20:03:54:WU02:FS01:Sending unit results: id:02 state:SEND error:NO_ERROR project:11758 run:0 clone:2069 gen:0 core:0x22 unit:0x000000029bf7a4d55e6d7714cf5c1f2e
20:03:54:WU02:FS01:Uploading 55.24MiB to 155.247.164.213
20:03:54:WU02:FS01:Connecting to 155.247.164.213:8080
20:03:55:WARNING:WU02:FS01:Exception: Failed to send results to work server: Transfer failed
20:03:55:WU02:FS01:Trying to send results to collection server
20:03:55:WU02:FS01:Uploading 55.24MiB to 155.247.164.214
20:03:55:WU02:FS01:Connecting to 155.247.164.214:8080
20:03:55:ERROR:WU02:FS01:Exception: Transfer failed
If you do need the full log I have it saved but I'd need to send it over multiple posts because it's ~3.5x the character limit.

Re: Work Unit Upload Failure

Posted: Thu Mar 19, 2020 9:14 pm
by Jesse_V
Yeah, I'm guessing that's due to the flood of new users and the high demand on the servers at the moment.

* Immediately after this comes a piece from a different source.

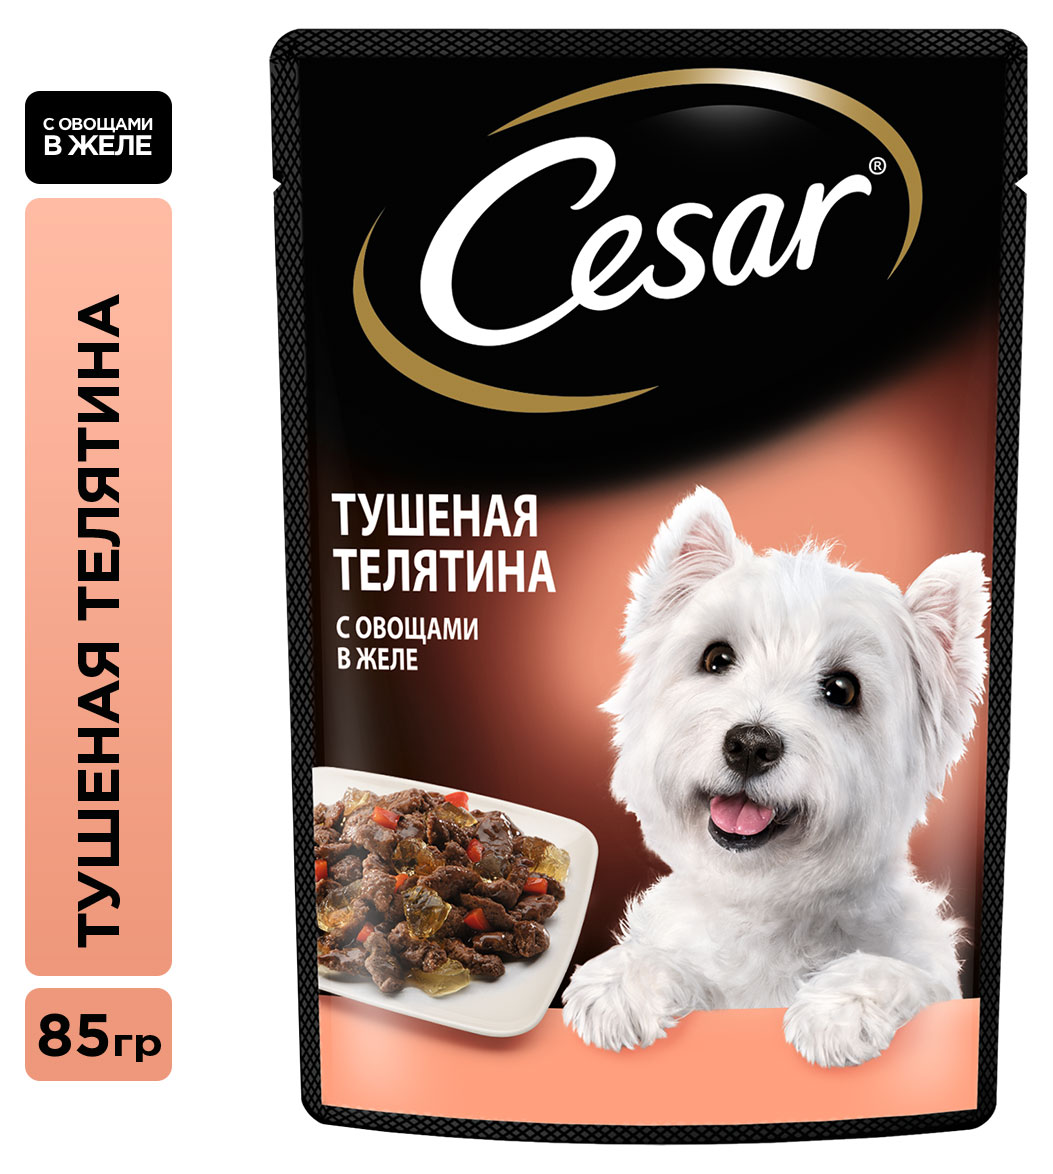 Cesar | Влажный корм для собак Cesar с тушеной телятиной и овощами в желе, 85 г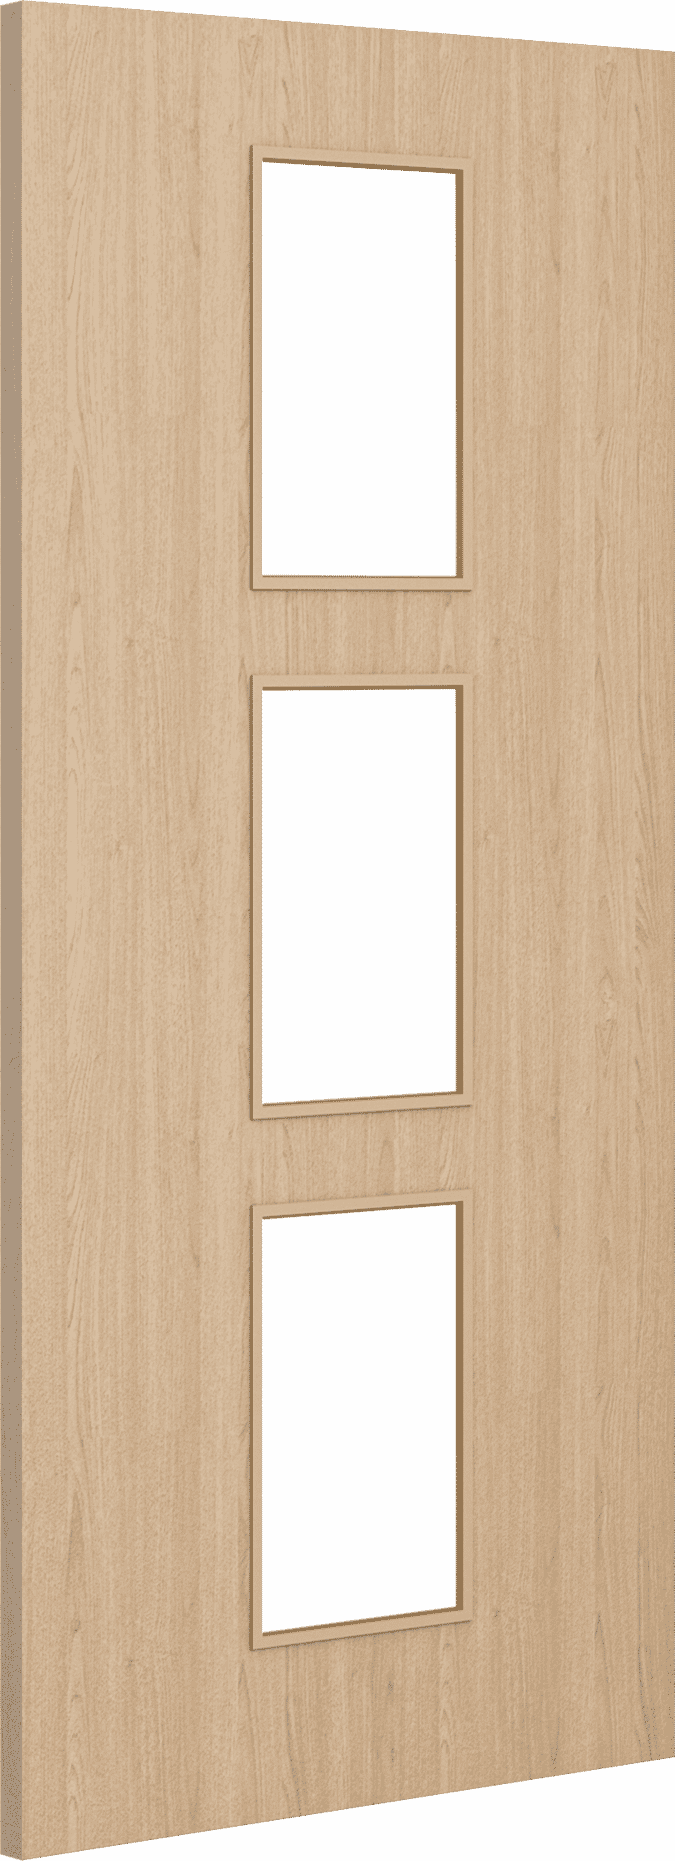 1981mm x 610mm x 44mm (24") Architectural Oak 11 Clear Glazed - Prefinished FD30 Fire Door Blank

The developers and research teams are currently focused on getting the work servers back up and capable of meeting demand. I expect that this will help sort out these issues with uploading workunits.

Re: Work Unit Upload Failure

Posted: Thu Mar 19, 2020 9:33 pm
by Joe_H
There is also a known issue with these servers and several projects hosted there, they are aware and looking into it.

Re: Work Unit Upload Failure

Posted: Fri Mar 20, 2020 2:12 pm
by tau2pi4u
Thanks for the help! If it's already known then I'll just leave the machine running, which I was planning on doing anyway. Good job by all the devs/researchers to scale up and deal with all of this - it's gotta be a lot of work.